Blank Regeneration

A Richmond composer keeps it fresh by playing around.

Every day, Allan Blank sits down at the same piano, the same music stand, the same computer. But what happens next is never quite the same.

“Every work is a new beginning,” says Blank, a composer who lives in Bon Air. “Sometimes I sit down and I say, ‘What comes next?'”

Blank is 86 and has more than 300 compositions to his name, many of which are archived at the Diehn Composers Room at Old Dominion University. If he wanted to compose by formula, he could. But, as one suspects in conversation with him, Blank has more fun when he plays around with music. He laughs often, inserts a leading smile in the middle of a sentence, jumps up to find an Edward Lear poem in a book. His sentences take detours like a melodies modulating into a new key.

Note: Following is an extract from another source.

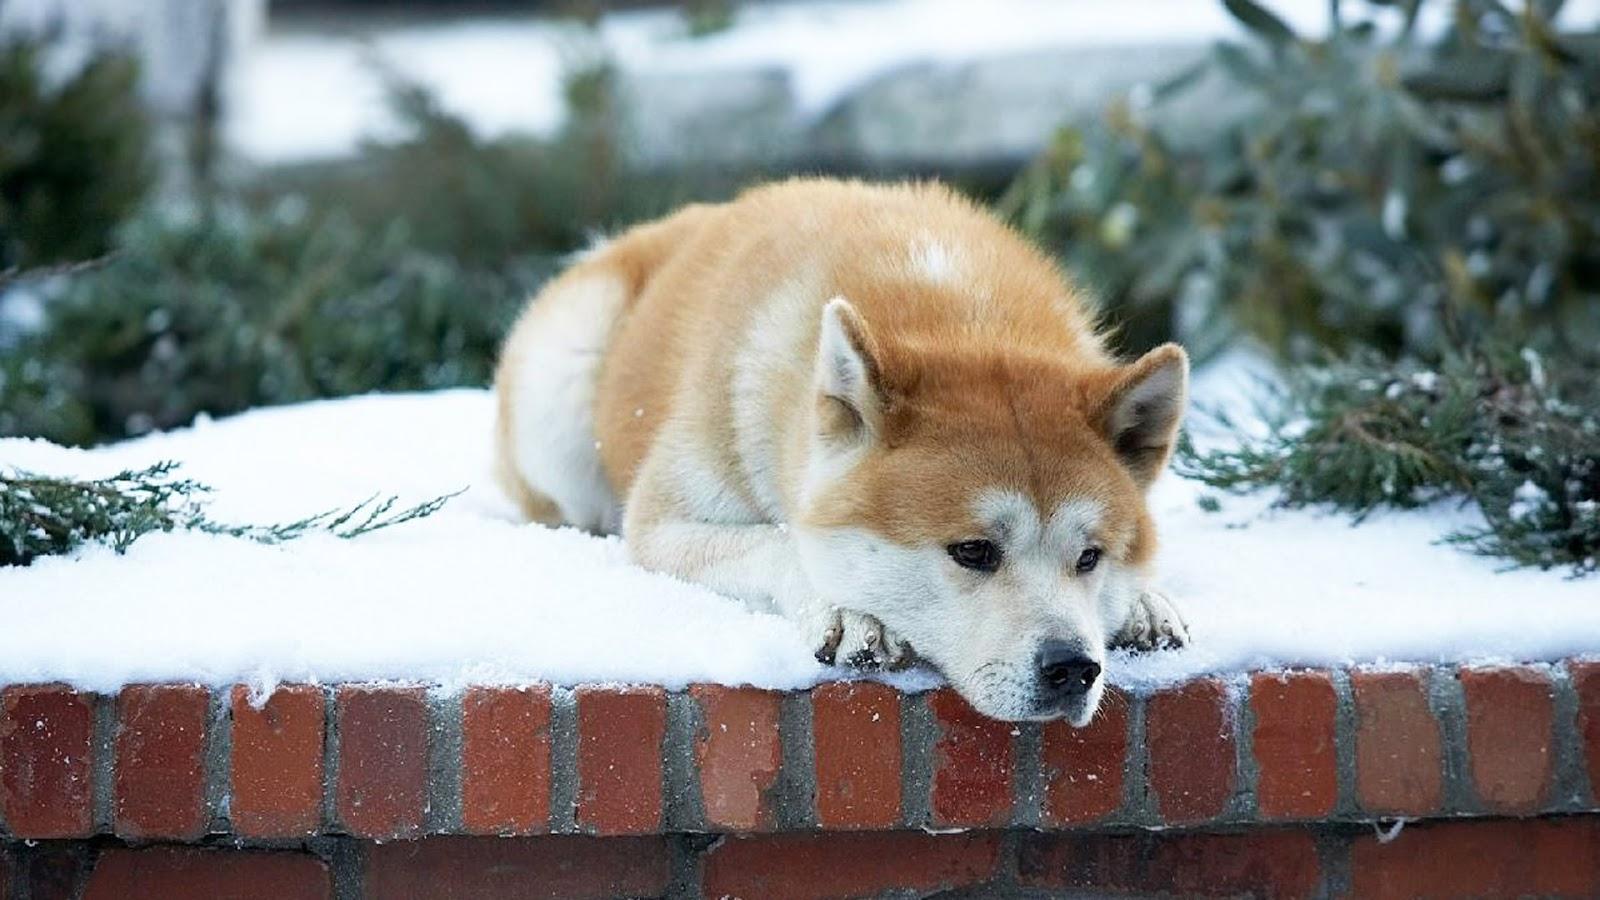 Kisah Menginspirasi Dari Seekor Anjing Yang Bernama Hachiko

“I’ve written for every instrument in the orchestra — the flute, the clarinet. … The clarinet is one of my fav —” He corrects himself without even taking a breath. “— They’re all favorites of mine. Maybe I haven’t written for the sarrusophone — No, maybe I have. …”

Sometimes when he’s wondering what comes next, Blank says, he’ll plan out a few pieces of rhythm. Two or three notes of a melody “will allow me to jump from what I like to something larger. It’s a way to tease the creativity out of my brain.”

When talking about his music, Blank carefully doesn’t describe it as lyrical. But he says his style is influenced by the voice, the first instrument for which he wrote, and the violin. “The lyric element that’s close to me … [is] one of the strains that informs my thinking, if not my music.”

Blank, who taught composition at Virginia Commonwealth University from 1978 to 1998, also has written works for orchestra, band and choir. His most recent piece, which he worked on during the course of three years, is an opera based on the Thomas Hardy novel, “Jude the Obscure.” It hasn’t been performed yet, but Blank says it’s under consideration.

Additionally, his body of work includes chamber music for many different combinations of instruments. The Richmond Chamber Players will perform his Trio for Clarinet, Cello and Piano on Aug. 14 at Bon Air Presbyterian Church as part of their Summer Interlude series.

Blank’s wife, the artist Margot Blank, died several years ago after an extended illness. Her paintings, prints and photographs hang in nearly every room of the house, and the floors of the two rooms that she used as studios are stacked with more works. He seems to know exactly which pile any given piece of art is in. One painting in the living room shows Blank, much younger, sitting on a lakeshore. He is neither melancholy nor happy — he seems placid while he looks directly at the painter with the water behind him.

“I love humor,” the composer says, before stopping himself to reconsider. “I like to keep my eyes open for things that are light, that are a digression from the way the world is.” S

The Richmond Chamber Players perform music by Allan Blank, Béla Bartók and Leo Smit at the Summer Interlude concert on Sunday, Aug. 14, at 3 p.m., at Bon Air Presbyterian Church, 9201 Huguenot Road. $16-$18. Admission is free for children. For information call 272-7514, ext. 312.

Editor’s Note: In the print version of this story, we incorrectly stated the years that Blank worked at VCU. This has been corrected in the online version. We regret the error.